The javadoc should probably simply say: numDocs = maxDocs - numDeletedDocs


-- Jack Krupansky

From: Uwe Schindler 
Sent: Sunday, June 03, 2012 3:47 PM
To: dev@lucene.apache.org 
Subject: Re: What is the maximum document number?

Hi,

In fact maxDoc is not the maximum, it is also a count. If no deletions are in an index, maxDoc==numDocs. That's unfortunately how it is, maybe we should rename that in 4.0.

Uwe
--
Uwe Schindler
H.-H.-Meier-Allee 63, 28213 Bremen
http://www.thetaphi.de




Jack Krupansky <ja...@basetechnology.com> schrieb: 
  Doing a little more research on document numbers, I had thought that the maximum document number was 2^30-1 or Integer.MAX_INT, but... I see that IndexReader.numDocs, maxDoc, and the corresponding IndexWriter methods return the number of documents as an int, so since document numbers start at zero, the number of documents is actually limited to 2^30-1, so the highest document number is limited to 2^30-1 minus another 1 or 2^30-2.

  -- Jack Krupansky

Re: What is the maximum document number?

Posted by Jack Krupansky <ja...@basetechnology.com>.
Oops, I indicated that Integer.MAX_INT was 2^30-1, but it is 2^31-1 or 2,147,483,647. So the largest document number in Lucene would be 2,147,483,646 and the largest number (count) of documents would be 2,147,483,647.

-- Jack Krupansky

From: Jack Krupansky 
Sent: Sunday, June 03, 2012 4:09 PM
To: dev@lucene.apache.org 
Subject: Re: What is the maximum document number?

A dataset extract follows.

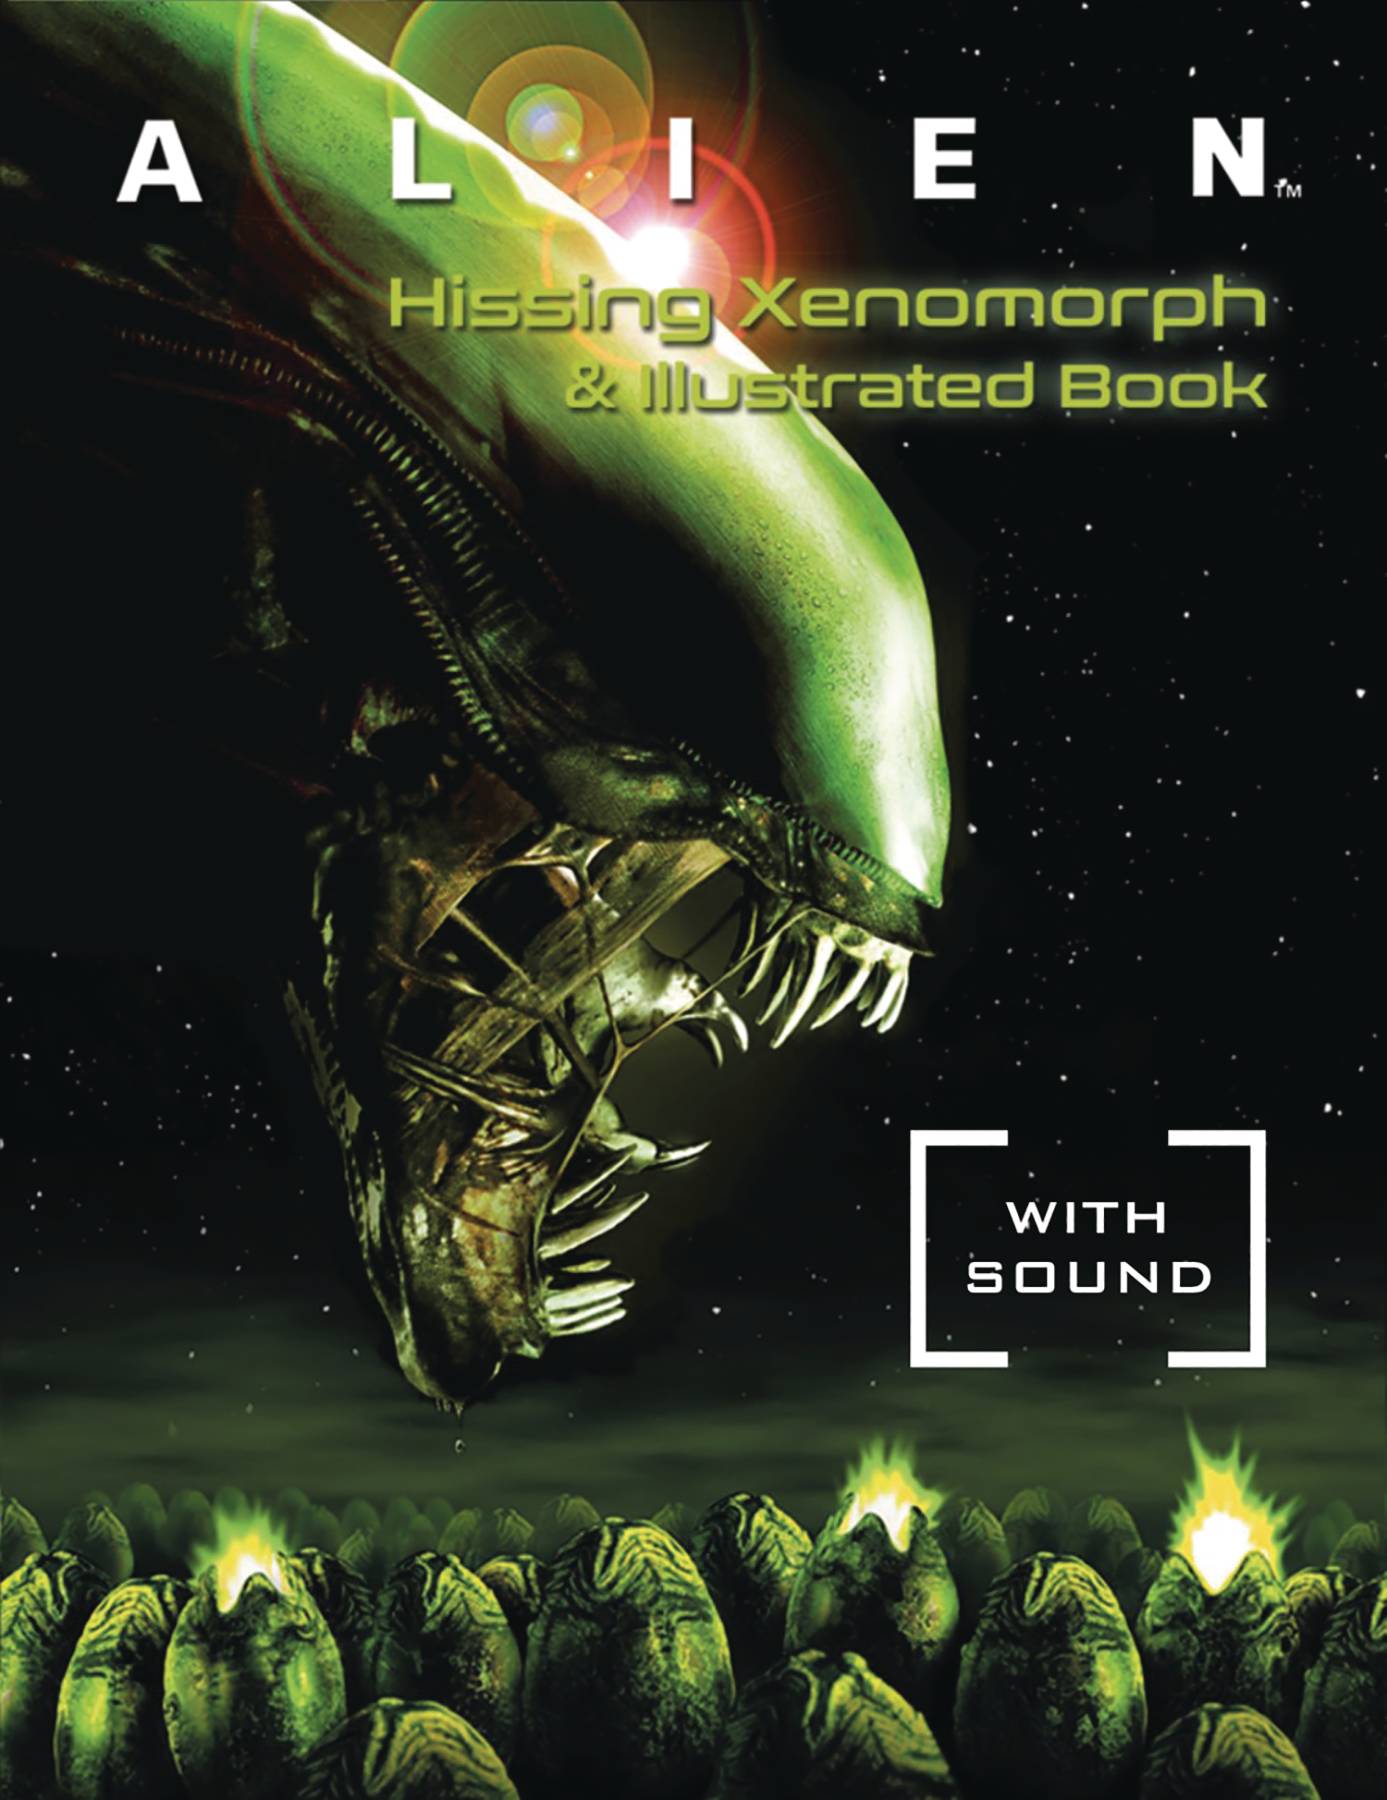 Alien Hissing Xenomorph & Illustrated Book Kit With Sound

The javadoc for IR.maxDoc refers to “largest possible document number”, but the word “possible” is confusing. Superficially it sounds like the largest document number that Lucene can ever assign, but really it is simply the “largest document number in the index at the moment, including deleted documents.”

The javadoc should probably simply say: numDocs = maxDocs - numDeletedDocs


-- Jack Krupansky

From: Uwe Schindler 
Sent: Sunday, June 03, 2012 3:47 PM
To: dev@lucene.apache.org 
Subject: Re: What is the maximum document number?

Hi,

In fact maxDoc is not the maximum, it is also a count. If no deletions are in an index, maxDoc==numDocs. That's unfortunately how it is, maybe we should rename that in 4.0.

Uwe
--
Uwe Schindler
H.-H.-Meier-Allee 63, 28213 Bremen
http://www.thetaphi.de




Jack Krupansky <ja...@basetechnology.com> schrieb: 
  Doing a little more research on document numbers, I had thought that the maximum document number was 2^30-1 or Integer.MAX_INT, but... I see that IndexReader.numDocs, maxDoc, and the corresponding IndexWriter methods return the number of documents as an int, so since document numbers start at zero, the number of documents is actually limited to 2^30-1, so the highest document number is limited to 2^30-1 minus another 1 or 2^30-2.

  -- Jack Krupansky

Re: What is the maximum document number?

Posted by Jack Krupansky <ja...@basetechnology.com>.
The javadoc for IR.maxDoc refers to “largest possible document number”, but the word “possible” is confusing. Superficially it sounds like the largest document number that Lucene can ever assign, but really it is simply the “largest document number in the index at the moment, including deleted documents.”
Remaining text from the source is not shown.